Graphing-Calculator Skills & Practice Highlights

  • Tasks include:
    • Graphing g(x)=x+3, h(x)=(x-2)^2, n(x)=-|x|, etc.
    • Determining translations, reflections, stretches/shrinks.
    • Error analysis: Verify correct description of transformation.
    • Modeling scenarios (temperature change, car depreciation, chainsaw fuel, car speed approaching a stop sign).

  • 4-Step Problem-Solving Framework: 1) Understand, 2) Plan, 3) Solve, 4) Look Back.

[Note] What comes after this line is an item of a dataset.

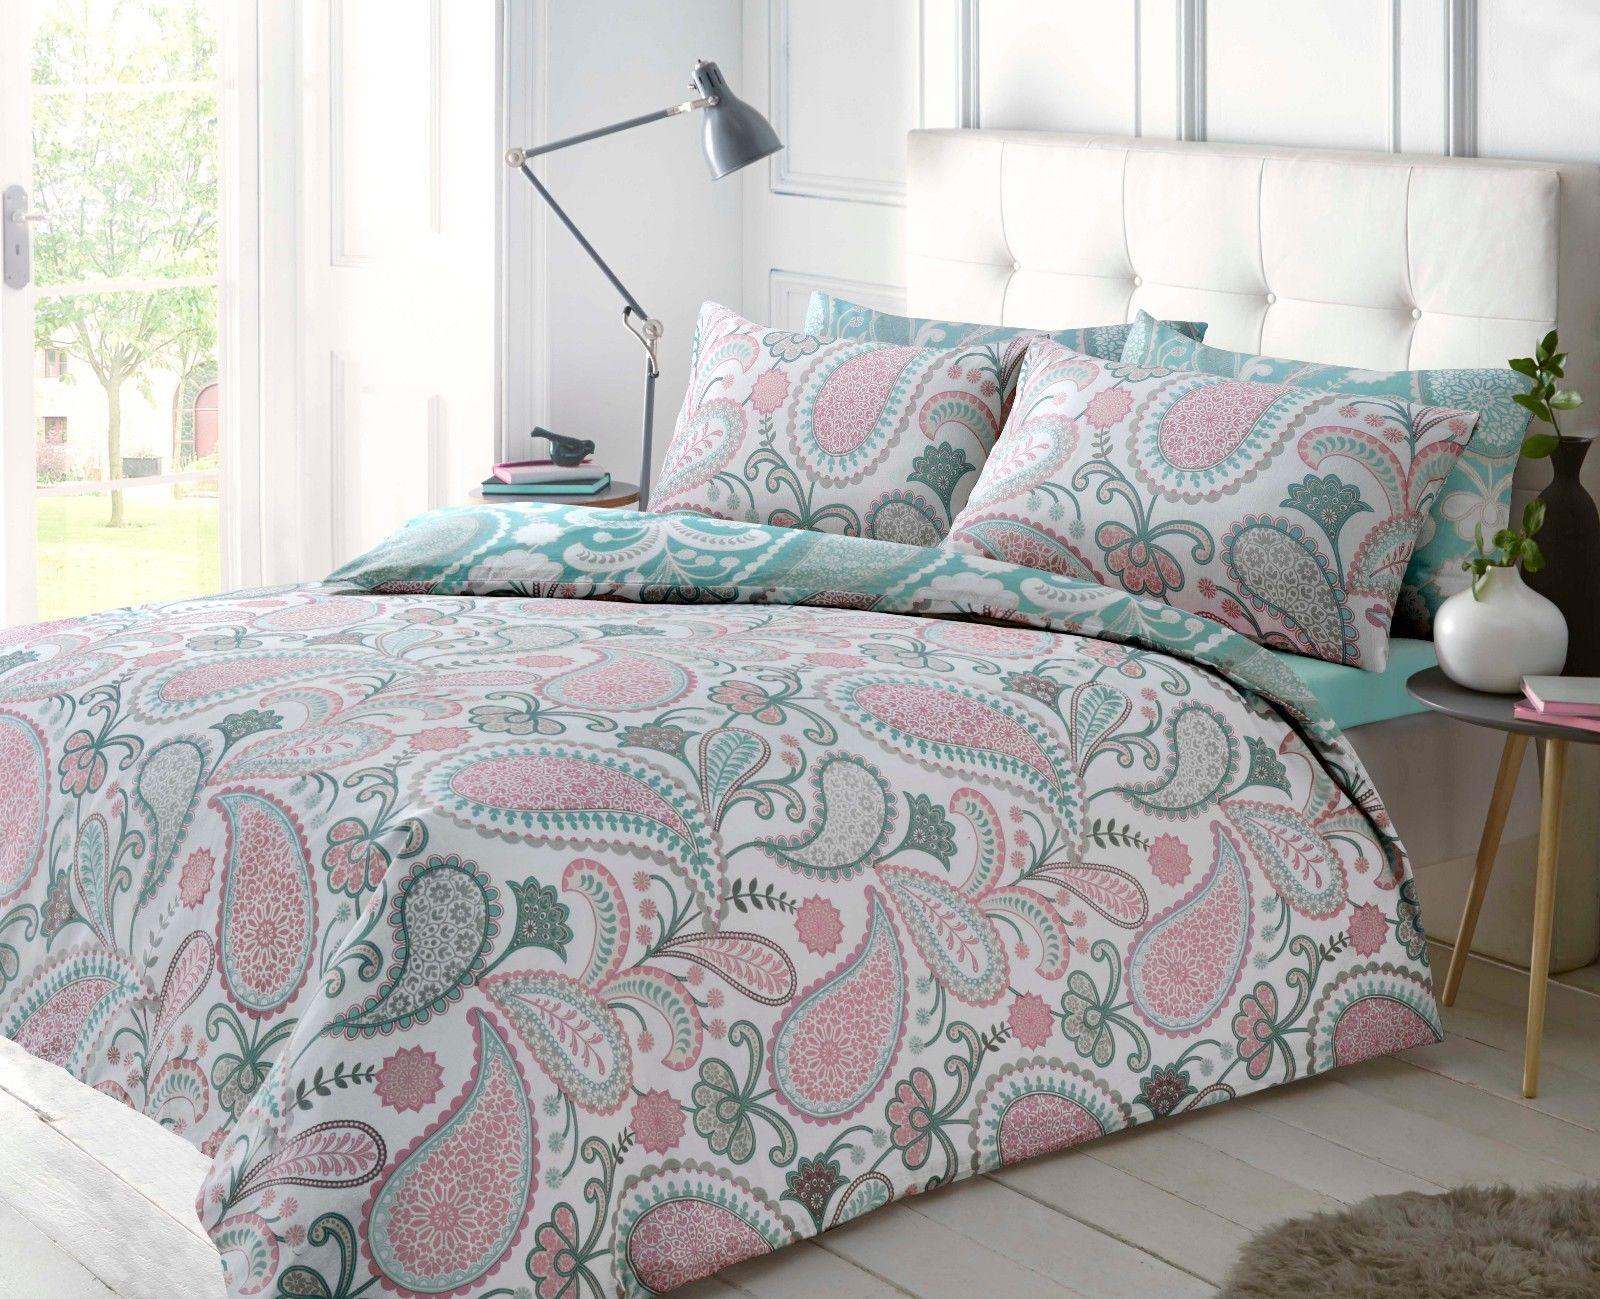 Paisley  Duvet Cover Set  Wholesale Bedding Store  De

Helpful Visual & Conceptual Tips

  • Visualizing Stretch/Shrink: Imagine pulling points away from or pushing them toward the x–axis.

  • Slope-Intercept Reminder: For linear y=mx+b, m is slope, b = y-intercept.

  • Ordered-Pair Check: To test if (a,b) lies on f, substitute: f(a)=b?

  • Intercepts: x–intercept ⇒ set y=0; y–intercept ⇒ set x=0.

Connections to Earlier Topics

  • Domain / Range review (previously studied).

  • Scatter plots used for visual pattern recognition.

  • Slope concepts reappear in the context of linear parent.

Ethical / Practical Implications Discussed

  • None explicitly; focus is procedural fluency & graph interpretation.

Numerical & Algebraic References Captured

  • Temperature model: starts 43^\circ!F at 8 a.m.; increases 2^\circ!F each hour for 7 h (linear).

  • Car value: f(x)=10{,}000-250x^2 (quadratic depreciation).

  • Basketball shot: f(t)=-16t^2+32t+5.2 (vertical motion under gravity).

  • Chainsaw fuel data: y decreases linearly from 15 oz to 0 oz; empty at x=50 min.

Quick Reference – Identifying Transformation Types

Form

Transformation

f(x)+k

up/down by k

f(x-h)

right/left by h

-f(x)

reflect in x–axis

f(-x)

reflect in y–axis

k\,f(x),\;k>1

vertical stretch

k\,f(x),\;0<k<1

vertical shrink

Use these templates to decode any function’s graph quickly.